In this tutorial, you learn how to:
- Create an Azure Storage account
- Create an Azure Functions project
- Extract layout data from uploaded forms
- Upload layout data to Azure Storage
Prerequisites
- Azure subscription - Create one for free
- create a Form Recognizer resource in the Azure portal to get your Form Recognizer key and endpoint. After it deploys, select Go to resource.
- You'll need the key and endpoint from the resource you create to connect your application to the Form Recognizer API. You'll paste your key and endpoint into the code below later in the quickstart.
- You can use the free pricing tier (
F0) to try the service, and upgrade later to a paid tier for production.
- A local PDF document to analyze. You can download this sample document to use.
- Python 3.8.x installed.
- Azure Storage Explorer installed.
- Azure Functions Core Tools installed.
- Visual Studio Code with the following extensions installed:
Create an Azure Storage account
Create an Azure Storage account on the Azure portal. Select StorageV2 as the Account kind.
On the left pane, select the CORS tab, and remove the existing CORS policy if any exists.
Once that has deployed, create two empty blob storage containers, named test and output.
Create an Azure Functions project
Open Visual Studio Code. If you've installed the Azure Functions extension, you should see an Azure logo on the left navigation pane. Select it. Create a new project, and when prompted create a local folder coa_new to contain the project.
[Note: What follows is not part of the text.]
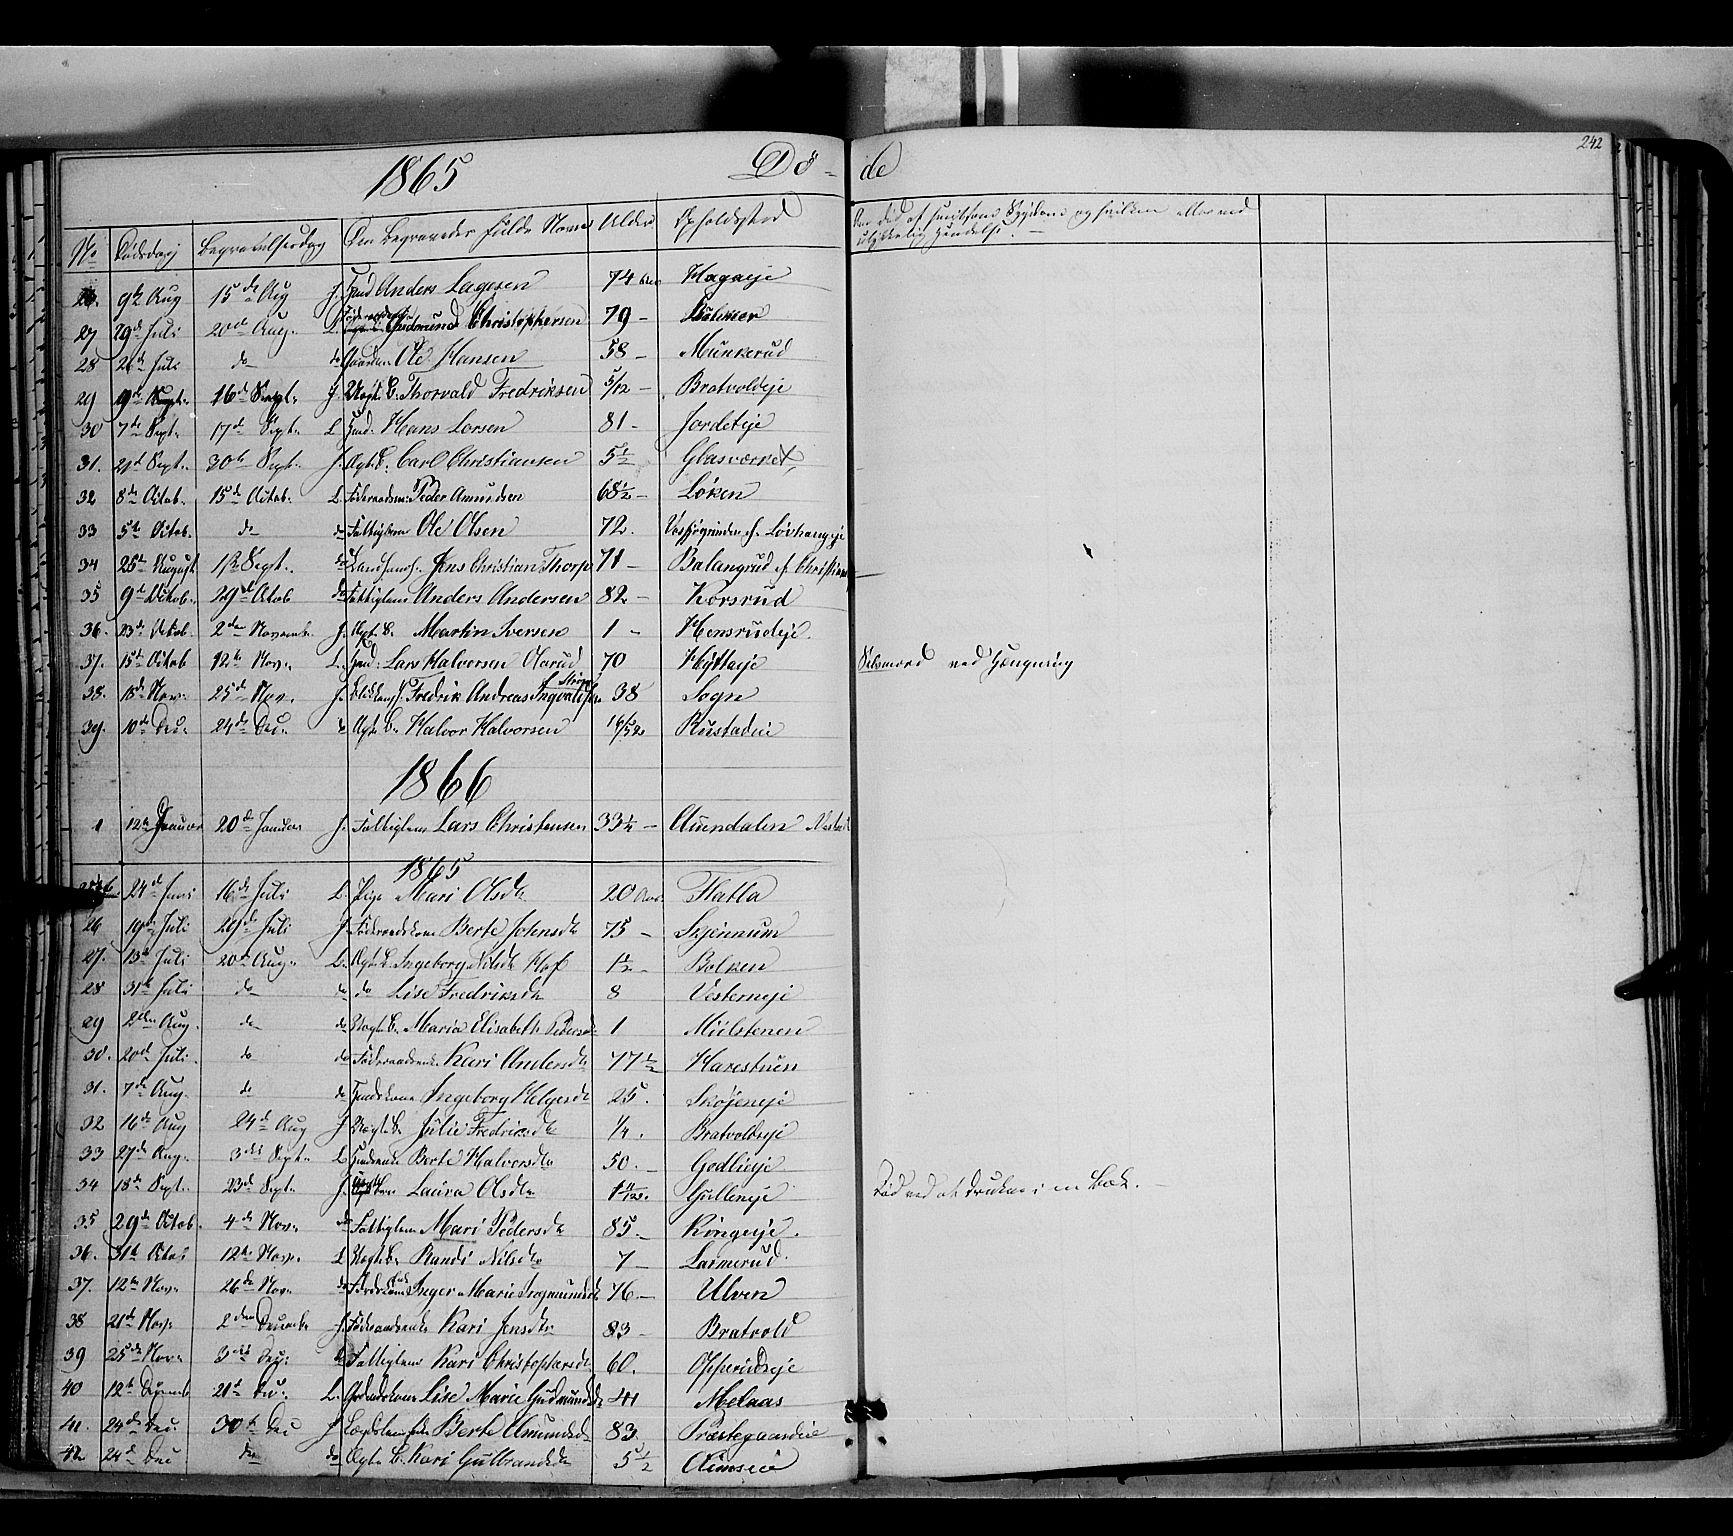 SAH, Jevnaker prestekontor, Ministerialbok nr. 7, 1858-1876, s. 242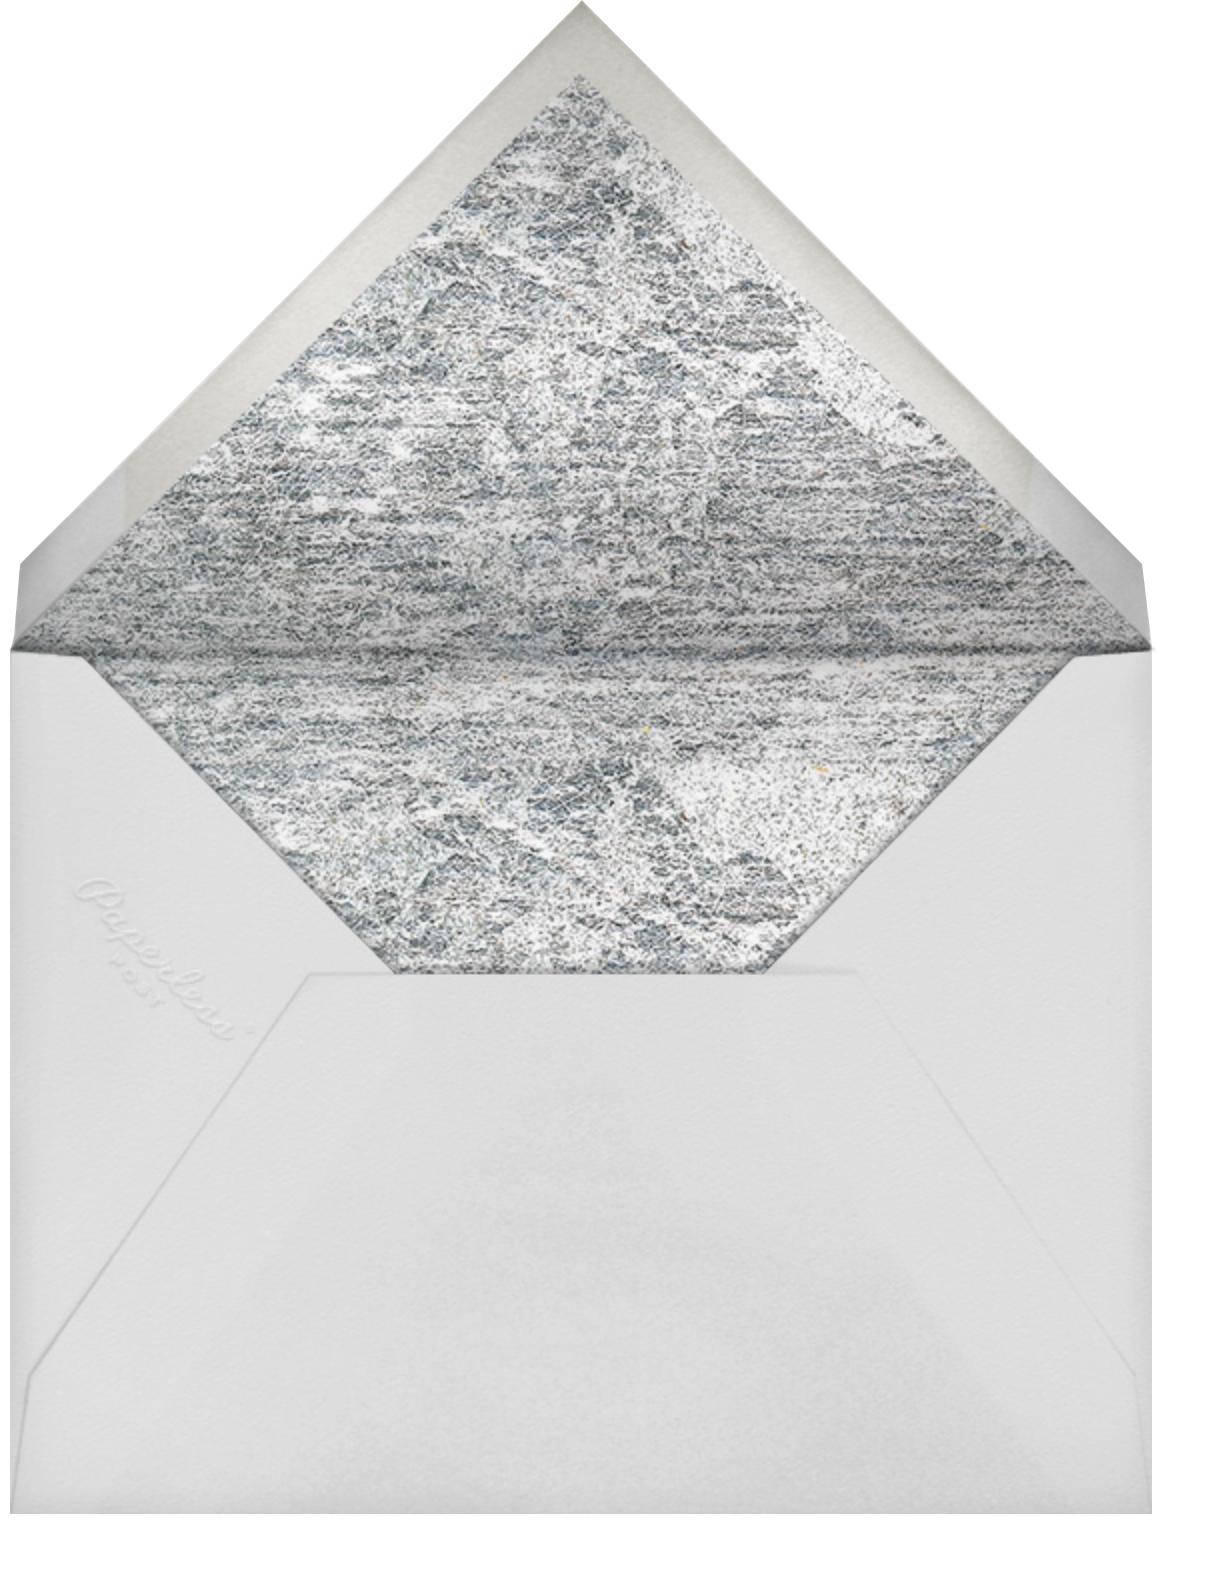 Jubilee II (Save the Date) - Black - Kelly Wearstler - Save the date - envelope back

You'll be prompted to configure a number of settings:
- In the Select a language prompt, select Python.
- In the Select a template prompt, select Azure Blob Storage trigger. Then give the default trigger a name.
- In the Select setting prompt, opt to create new local app settings.
- Select your Azure subscription with the storage account you created. Then you need to enter the name of the storage container (in this case,
test/{name}) - Opt to open the project in the current window.

When you've completed these steps, VSCode will add a new Azure Function project with a __init__.py Python script. This script will be triggered when a file is uploaded to the test storage container, but it won't do anything.
Test the function
Press F5 to run the basic function. VSCode will prompt you to select a storage account to interface with. Select the storage account you created and continue.
Open Azure Storage Explorer and upload a sample PDF document to the Test container. Then check the VSCode terminal. The script should log that it was triggered by the PDF upload.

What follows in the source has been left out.